# Fallen PJ



## ZmanTX (Oct 19, 2015)

May you rest in peace Nathan Schmidt. Condolences to those who knew Nate.







Below is a pretty good write up about Nate from another PJ.
News Roundup Special: In Memory of U.S. Air Force Pararescueman Nathan Schmidt | SOFREP


----------



## Red Flag 1 (Oct 19, 2015)

Rest In God's Own Peace, PJ.


----------



## CDG (Oct 19, 2015)

RIP Pararescueman Schmidt.


----------



## DA SWO (Oct 19, 2015)

Calm winds and soft landings.
RIP.


----------



## Gunz (Oct 19, 2015)

Rest in Peace. Hand Salute.


----------



## AWP (Oct 19, 2015)

Blue Skies.


----------



## Grunt (Oct 19, 2015)

Rest In Peace, PJ and thank you for your service!


----------



## The Accountant (Oct 19, 2015)

Rest in peace.


----------



## Red-Dot (Oct 19, 2015)

My glass is held high!
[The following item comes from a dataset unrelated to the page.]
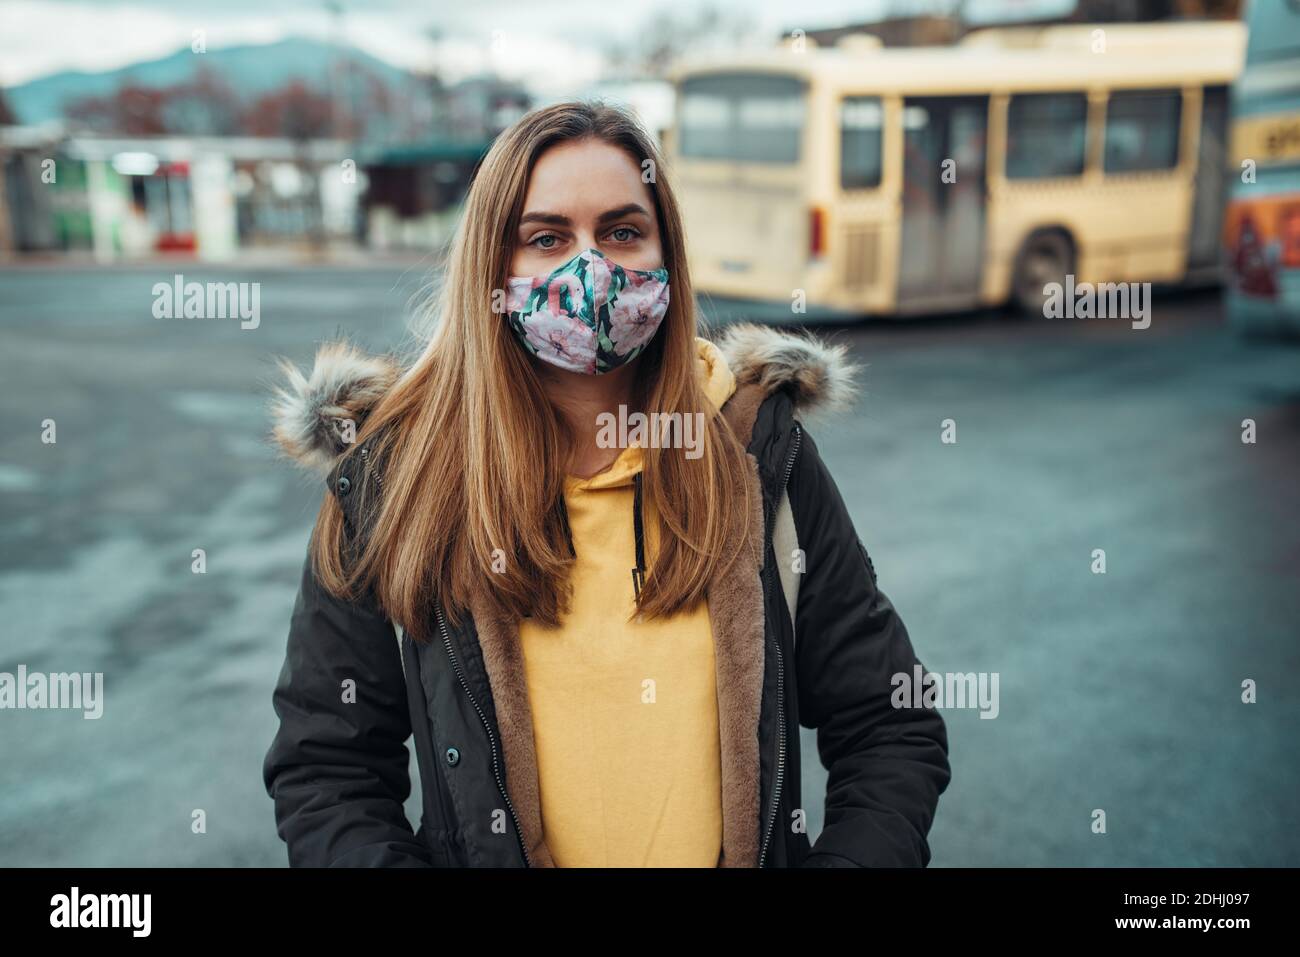 donna con maschera facciale covid-19 mezzi pubblici, fermata dell'autobus Foto Stock
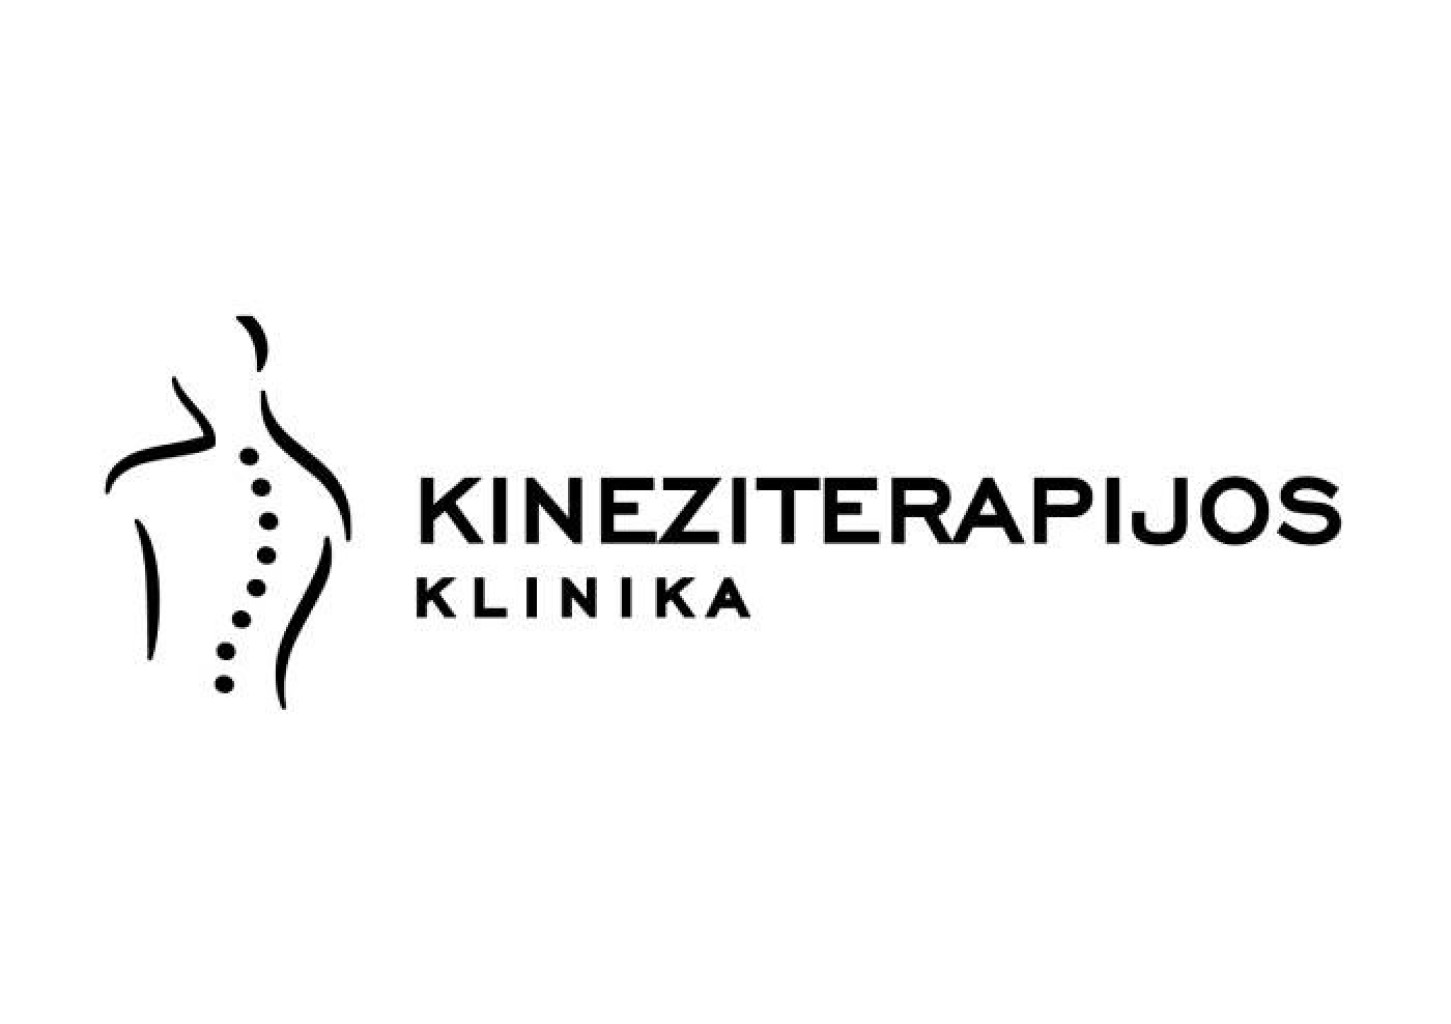 Pirminė kineziterapeuto konsultacija – funkcinis ištyrimas ir gydymas

Thank you for your service Brother in Blue. RIP


----------



## x SF med (Oct 20, 2015)

Feast well in Valhalla, PJ.

Rest Easy your watch is over.


----------



## Viper1 (Oct 21, 2015)

Rest in peace.


----------



## Johca (Oct 21, 2015)

RIP


----------



## Blizzard (Oct 21, 2015)

Godspeed


----------



## Dame (Oct 21, 2015)

Rest in peace, Warrior.


----------



## amlove21 (Oct 24, 2015)

I graduated Indoc with Nate. I didn't know him well after that, and honestly, it's been a fucking hard year for us in the AFSOF career fields. I don't have a whole lot of grieving left. 

Fair winds, Nate. You were a funny, smartass, completely inappropriate guy- and everyone that ever met you loved you. 

That Others May Live.


----------



## RackMaster (Oct 25, 2015)

RIP.


----------